Атос, улыбаясь, распечатал письмо.

— А! — сказал он. — Письмо от Парри.

— Ого! — проговорил д’Артаньян. — Читайте, друг мой, читайте! В нем, верно, есть свежие новости.

Атос покачал головой и прочел:

"Любезный граф,

его величество король с величайшим сожалением заметил, что Вы не находились при нем сегодня во время его торжественного въезда. Король приказал мне написать Вам об этом и просить, чтобы Вы вспомнили о нем. Его величество ждет Вас сегодня вечером в Сент-Джемсском дворце от девяти до одиннадцати часов.

С истинным почтением имею честь быть Вашим покорнейшим слугою.

Парри".

— Видите, любезный д’Артаньян, не надо сомневаться в доброте королей.

— Не сомневайтесь, вы правы, — отвечал д’Артаньян.

— Ах, милый, дорогой друг, простите меня, — сказал Атос, от которого не ускользнул оттенок горечи в словах д’Артаньяна. — Неужели я невольно оскорбил своего лучшего товарища?

— Что вы, Атос! Я даже провожу вас до дворца, разумеется до ворот; кстати прогуляюсь.

— Вы войдете вместе со мною, друг мой. Я хочу сказать его величеству…

— Не надо! — вскричал д’Артаньян с непритворной гордостью. — Нехорошо просить милостыню; но нет хуже, чем просить ее через других. Пойдемте, друг мой, прогулка мне будет очень приятна; по дороге я покажу вам дом генерала Монка, приютившего меня. Славный домик! Знаете ли, выгоднее быть генералом в Англии, чем маршалом во Франции.

И он увел Атоса, огорченного притворной веселостью своего друга.
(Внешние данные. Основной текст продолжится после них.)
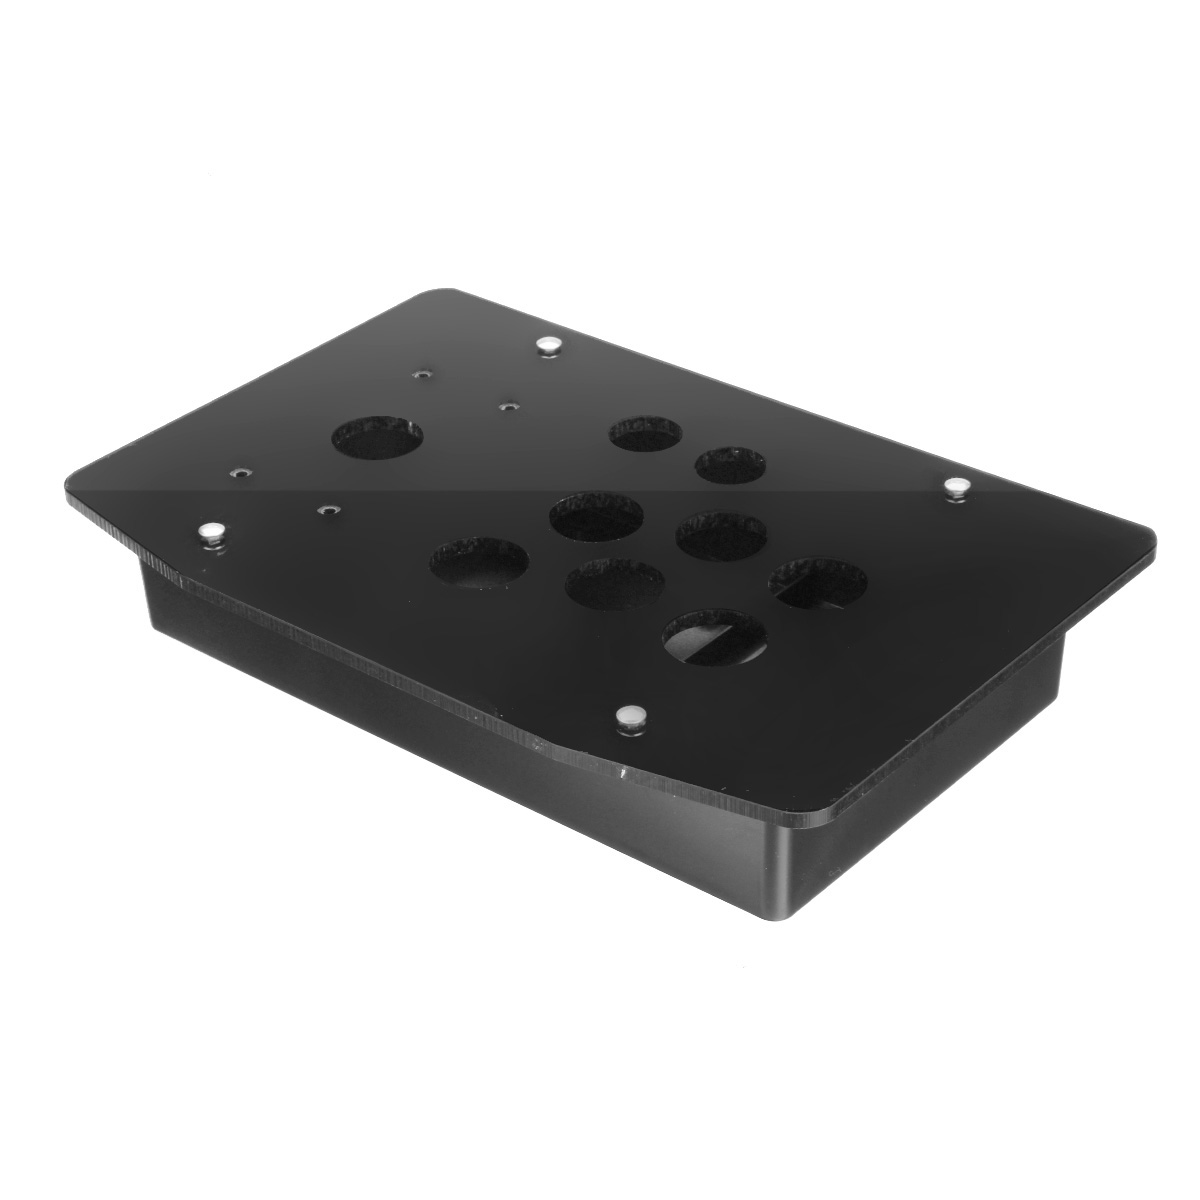 DIY Clear Black Acrylic Panel Case Sturdy Construction for Arcade Joystick Game Controller 14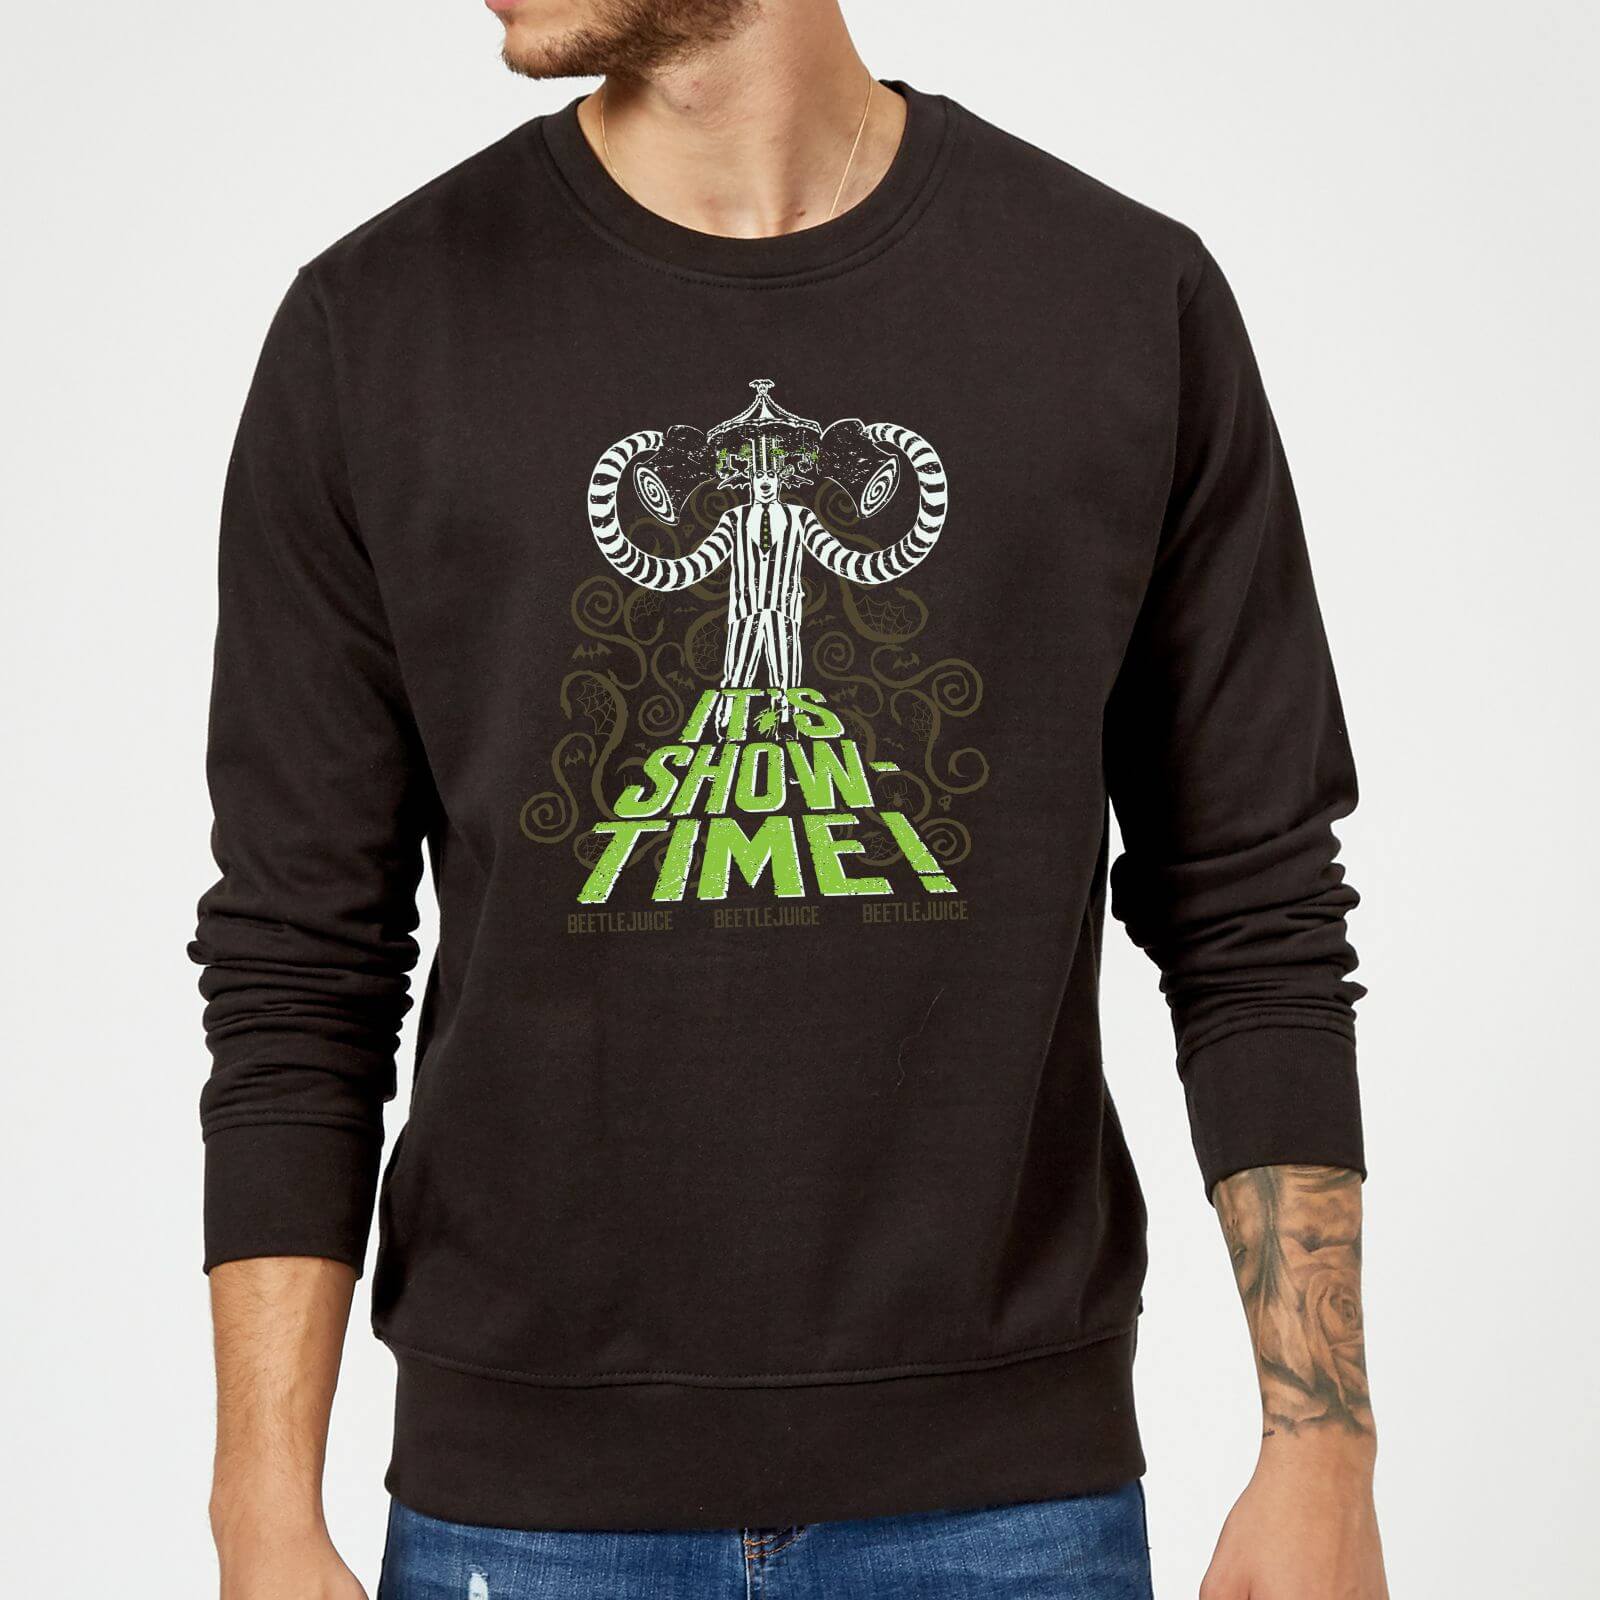 Beetlejuice It's Show-Time Sweatshirt - Black - 5XL - Black

Весь город был в радостном возбуждении.

Двое друзей каждое мгновение сталкивались с энтузиастами, которые расспрашивали их, намереваясь покричать: "Да здравствует добрый король Карл!" Д’Артаньян отвечал ворчанием, Атос — улыбкой. Так дошли они до дома Монка, который, как мы уже говорили, надо было миновать, чтобы достичь Сент-Джемоского дворца.

Дорогой Атос и д’Артаньян разговаривали мало, должно быть потому, что им надо было переговорить о слишком многом. Атос думал, что, если он заговорит, д’Артаньяну покажется, что слова его звучат радостью, которая оскорбит мушкетера, д’Артаньян со своей стороны, молчал из опасения, что в словах его проявится горечь, которая смутит Атоса. Радость одного и горе другого словно соперничали в молчании. Наконец первым заговорил д’Артаньян, у которого слова всегда вертелись на кончике языка.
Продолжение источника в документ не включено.